A sample may comply with the legal maximum levels for DON, ZEN, and OTA individually, yet the pig consuming that feed may be simultaneously exposed to all three mycotoxins in combination at levels that exceed the physiological tolerance of the animal.

Published literature reveals the synergistic effects of DON and ZEN on the immune system, liver function, and oxidative stress in pigs.

The combination of fumonisins (FUM) with DON or ZEN has shown synergistic effects in several animal studies.

AFB1 and OTA are among the most extensively studied synergistic combinations, with combined administration demonstrating clearly higher nephrotoxicity than either mycotoxin alone (Aoyanagi et al., 2023; Papatsiros et al., 2023).

According to the 2024 World Mycotoxin Survey, approximately 70 % of feed samples worldwide contained two or more mycotoxins, with ZEN contamination rising from 54 % in 2023 to 60 % in 2024.

This clearly summarizes the current situation: the co-occurrence of mycotoxins in feed raw materials and finished feed is the rule, not the exception.

For practical decision-making at the farm level, this means that veterinarians, nutritionists, and purchasers should not only ask whether individual mycotoxin levels exceed guidance thresholds, but also how many mycotoxins are present and what the cumulative risk is for pig production.

CAN DETOXIFICATION WORK?

Once multi-mycotoxin contamination is confirmed, the operational question for integrators and feed producers is whether effective mitigation is achievable.

⇒ The answer has historically been complicated by the limitations of single-mechanism approaches.

Simple clay-based adsorbents work reasonably well for aflatoxins, which carry a high charge density and bind effectively to polar mineral surfaces.

However, they show limited or variable efficacy against trichothecene mycotoxins such as DON and T-2, as well as against ZEN, FUM, and OTA.

A feed simultaneously contaminated with AFB1, DON, and ZEN therefore requires a solution beyond what a clay binder alone can provide.

Two categories of action exist within commercial mycotoxin detoxifiers:

• ⇒ Adsorption, which physically traps mycotoxins in the gastrointestinal tract and promotes fecal excretion before absorption.
• ⇒ Biotransformation, in which microbial or enzymatic processes convert mycotoxins into non-toxic or less toxic metabolites.

A single mechanism is insufficient for the diverse multi-mycotoxin scenarios found in Southeast Asian swine feeds. This is the rationale behind multicomponent mycotoxin detoxifying agent (MMDA) products, which are specifically designed to address the breadth and complexity of real-world contamination.

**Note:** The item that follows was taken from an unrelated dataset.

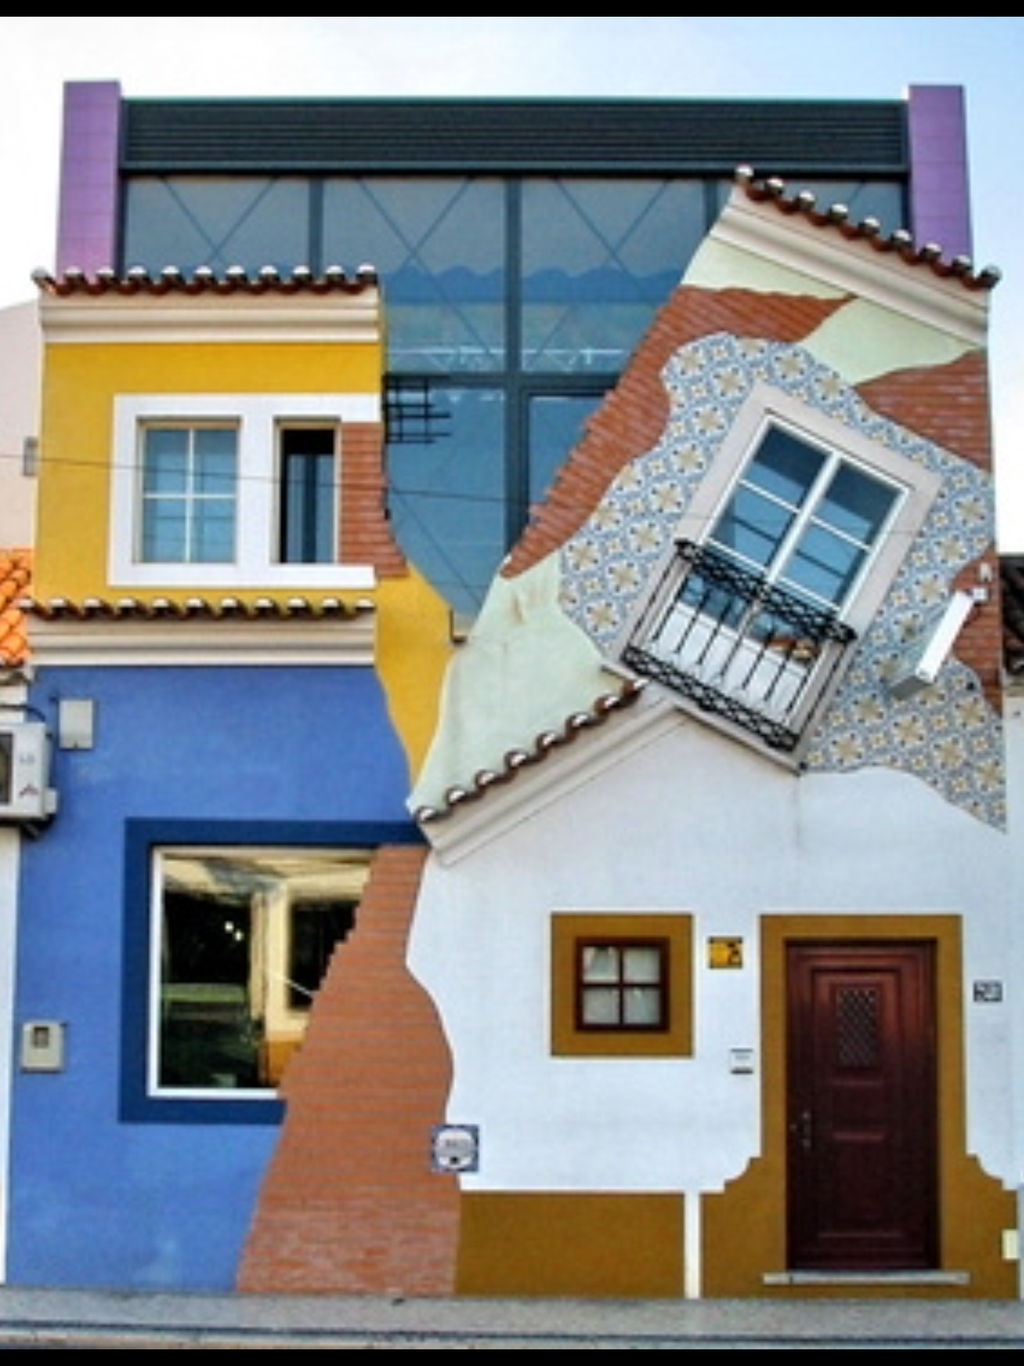 Strange House in Chamusca ( Portugal ) .

IN VIVO VALIDATION IN PIGS

A series of five controlled in vivo trials in pigs conducted by Aristotle University of Thessaloniki (IPVS 2026, abstract #411) provides some of the most comprehensive evidence currently available for MMDA efficacy under multi-mycotoxin conditions.

MYCORAID, a specific MMDA containing modified zeolite (clinoptilolite), probiotics, yeast cell wall, and herbal extracts, was supplemented at 1.5 or 3 kg per ton of feed across five different mycotoxin challenge scenarios.

The range of mycotoxin combinations tested closely reflects the contamination patterns identified in the Thailand and Vietnam surveillance study under real-world conditions.

The pattern emerging from these trials is consistent: supplementation with 3 kg of MYCORAID per ton of feed resulted in significant improvements in growth performance.

Reductions in mycotoxin residues in tissues were also demonstrated across all five challenge models.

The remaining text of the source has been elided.